Impressive examples of EOD variation among co-occuring species can be found within the genera Paramormyrops of Lower Guinea and Campylomormyrus of the Congo River. The hypothesis that EODs may in fact accelerate speciation in these "riverine species flocks" and within mormyrids generally is another active research area. EODs are relatively easy to record from living mormyrids and because of their species-specificity and stereotypy, are often useful aides in recognizing species boundaries and working out the taxonomy of this group.
Adult length of mormyrid species ranges from about 4 to about 150 centimeters.
Recent literature on mormyrid systematics includes Taverne’s taxonomic revision of the family based on osteology (Taverne, 1969; 1971 a; 1971 b; 1972), Bigorne's (1990a) review of the mormyrids of West Africa and revision of Brienomyrus, Pollimyrus, Isichthys and Mormyrops of that region (Bigorne, 1987; 1989; 1990 b), Boden et al.’s (1997) revision of the Marcusenius of Central Africa with eight circumpeduncular scales, Jégu and Lévêque’s (1984) study of Marcusenius of West Africa, and Harder's (2000) published CD-ROM with descriptions and photos of all existing types of specimens of Mormyridae. Despite this recent work, the monophyly of several genera remains poorly supported.

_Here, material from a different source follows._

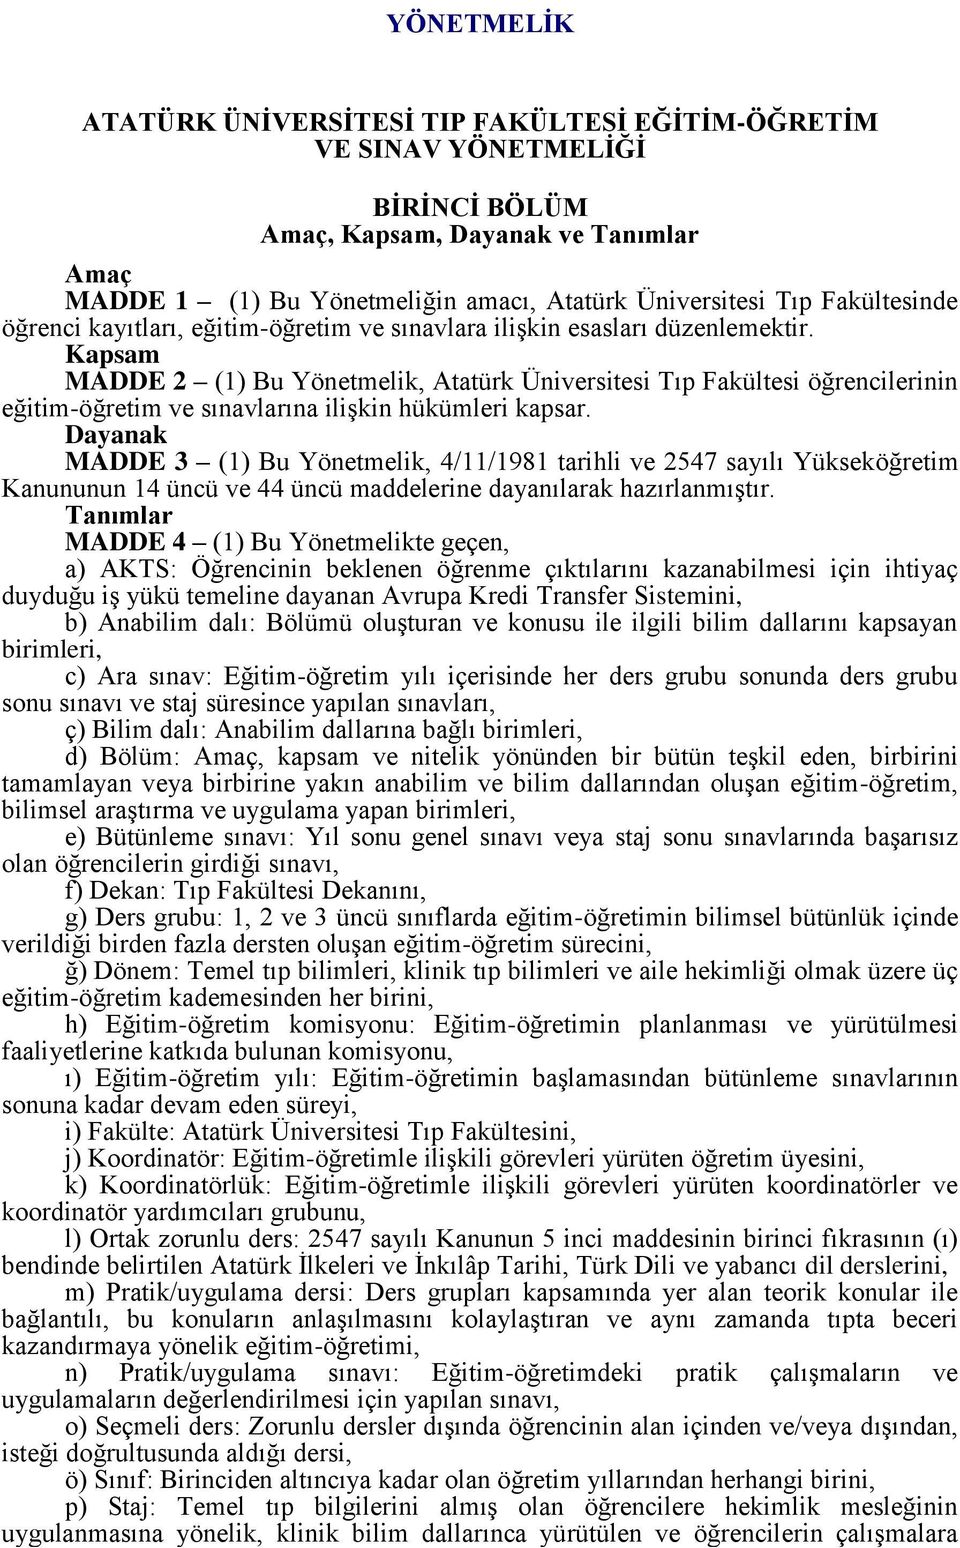 Kapsam MADDE 2 (1) Bu Yönetmelik, Atatürk Üniversitesi Tıp Fakültesi öğrencilerinin eğitim-öğretim ve sınavlarına ilişkin hükümleri kapsar.

Most of the foregoing work is not explicitly phylogenetic, and only recent molecular studies have provided a well supported tree for the major mormyrid lineages (Alves-Gomes & Hopkins, 1997, Lavoué et al. 2000, Sullivan et al. 2000, Lavoué et al. 2003). Points of agreement between the morphological work of Taverne and the molecular studies are 1) the monophyly of Mormyridae, 2) the sistergroup relationship between Mormyridae and Gymnarchus niloticus, and 3) the basal division of the family into two subfamilies: Mormyrinae and Petrocephalinae, with the latter containing only Petrocephalus.
Another recent development is the use of electric organ discharge (EOD) recordings for species discovery and diagnosis within certain genera (Sullivan et al., 2002; Lavoué et al., 2004). Certain aspects of the EOD appear to be phylogenetically conserved, while others are more variable (Alves-Gomes, 1999; Sullivan & Hopkins, 2001; Sullivan et al., 2000).

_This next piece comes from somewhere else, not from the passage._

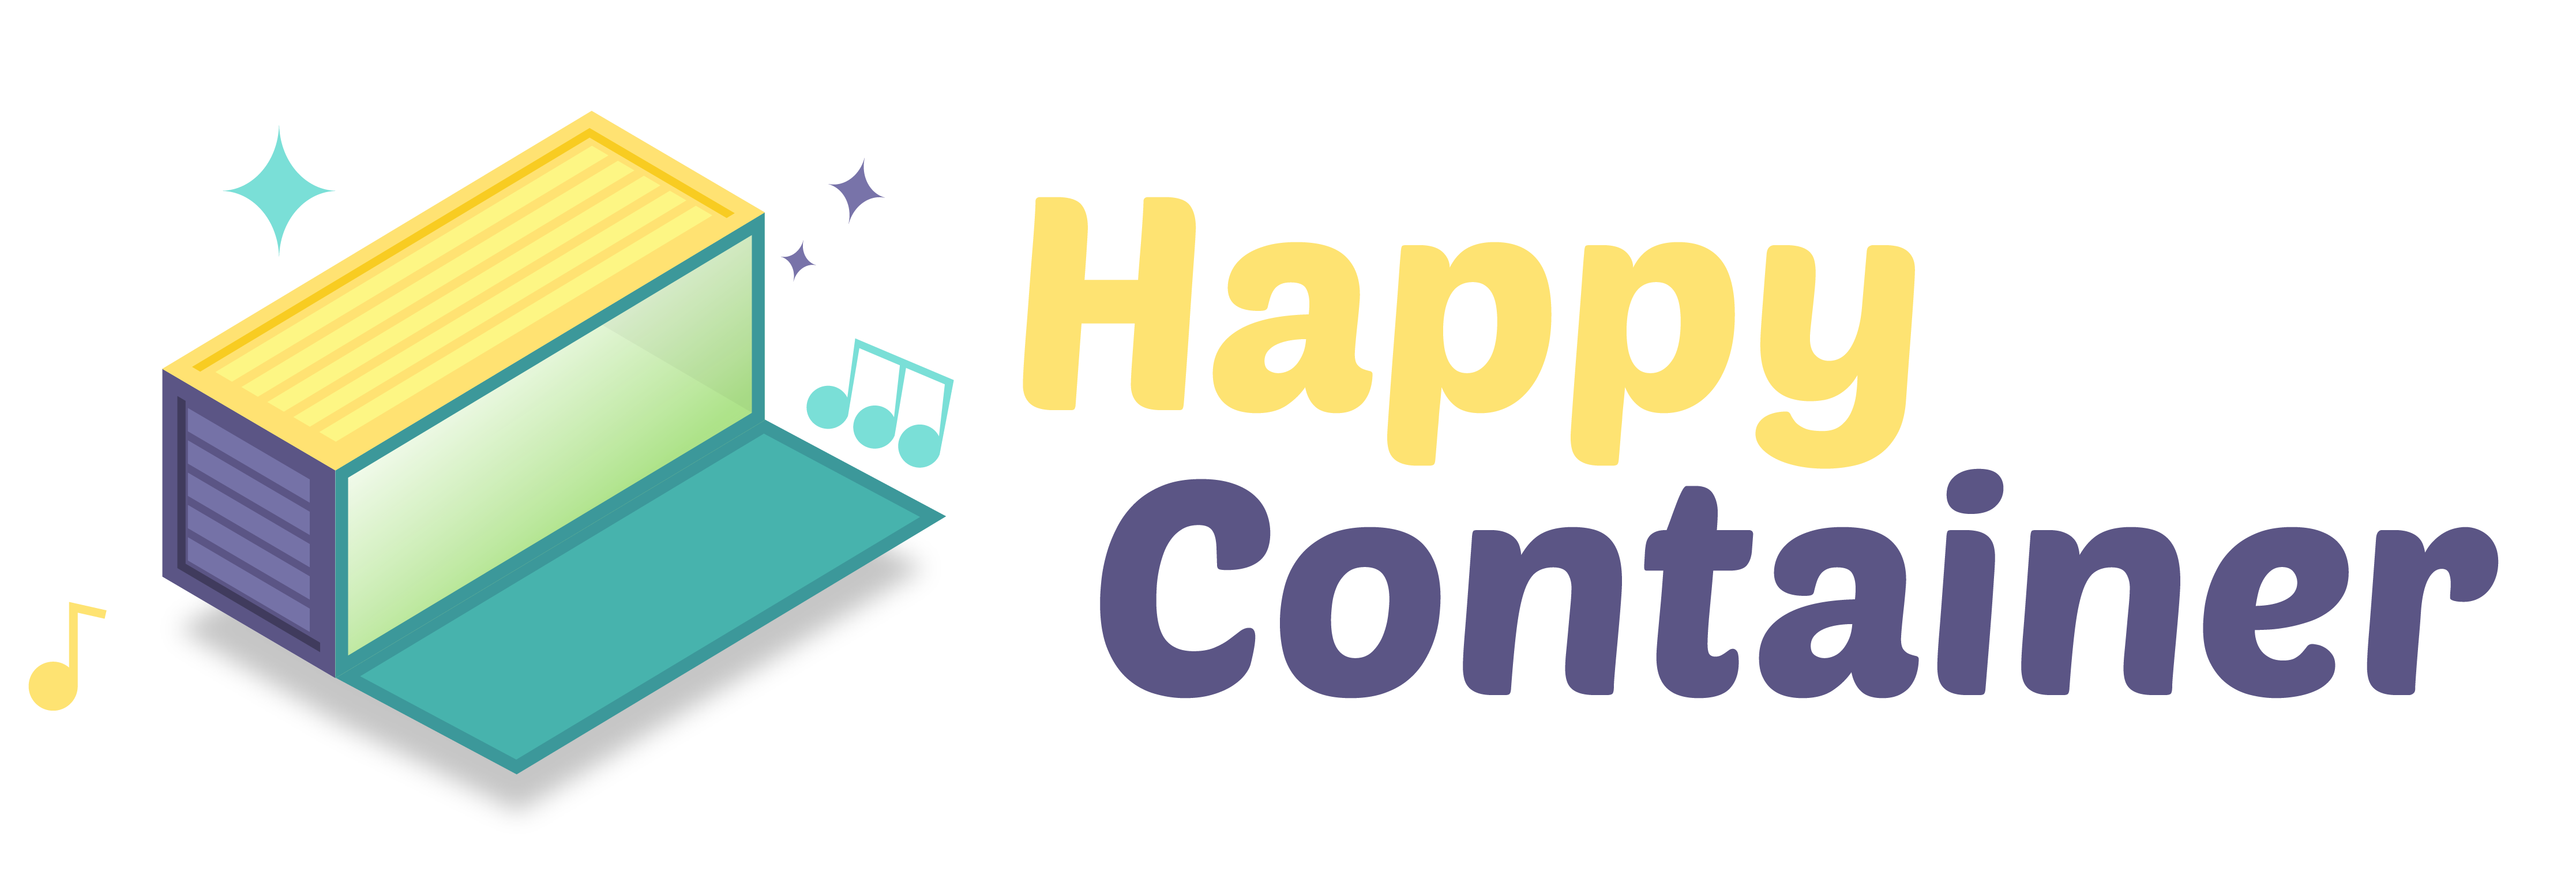 Happy Container logo

Mormyrids have a broader distribution than their Nilo-Sudanic sistergroup,Gymnarchus niloticus, including most of the African continent with the exception of the Sahara, northernmost Mahgreb and southernmost Cape provinces (Roberts, 1975) and are most diverse in the river systems of Central and West Africa.
Mormyrids occupy an ecological niche largely similar to that of other large group of freshwater weakly electric fishes, the ostariophysan South American gymnotiforms (Lowe-McConnell 1987). Fishes of both groups, with some exceptions, are nocturnal benthic invertebrate-feeders and have adapted to a number of different types of freshwater habitats. Interestingly, the widely separate phylogenetic positions of these two groups among non-electroreceptive teleost clades indicates independent evolution of their electrosensory systems (see Bass 1986c, Kramer 1990). Mormyrids are much more abundant and diverse in river and stream habitats than in lakes (in marked contrast to the African cichlids). Some form large schools near the bottom of pools, others are adapted for life in and near rapids (Roberts & Stewart 1976) smaller streams, marginal habitat, or swamps (Lowe-McConnell 1987). Rainy season spawning migrations from river mouths to upriver breeding habitats have been reported for some taxa (Daget 1957, Blake 1977). Little information exists regarding the reproductive behavior in mormyroids, although male Gymnarchus niloticus and Pollimyrus isidori are known to construct and guard elaborate floating nests in which larvae remain for some time after hatching (see Hopkins 1986).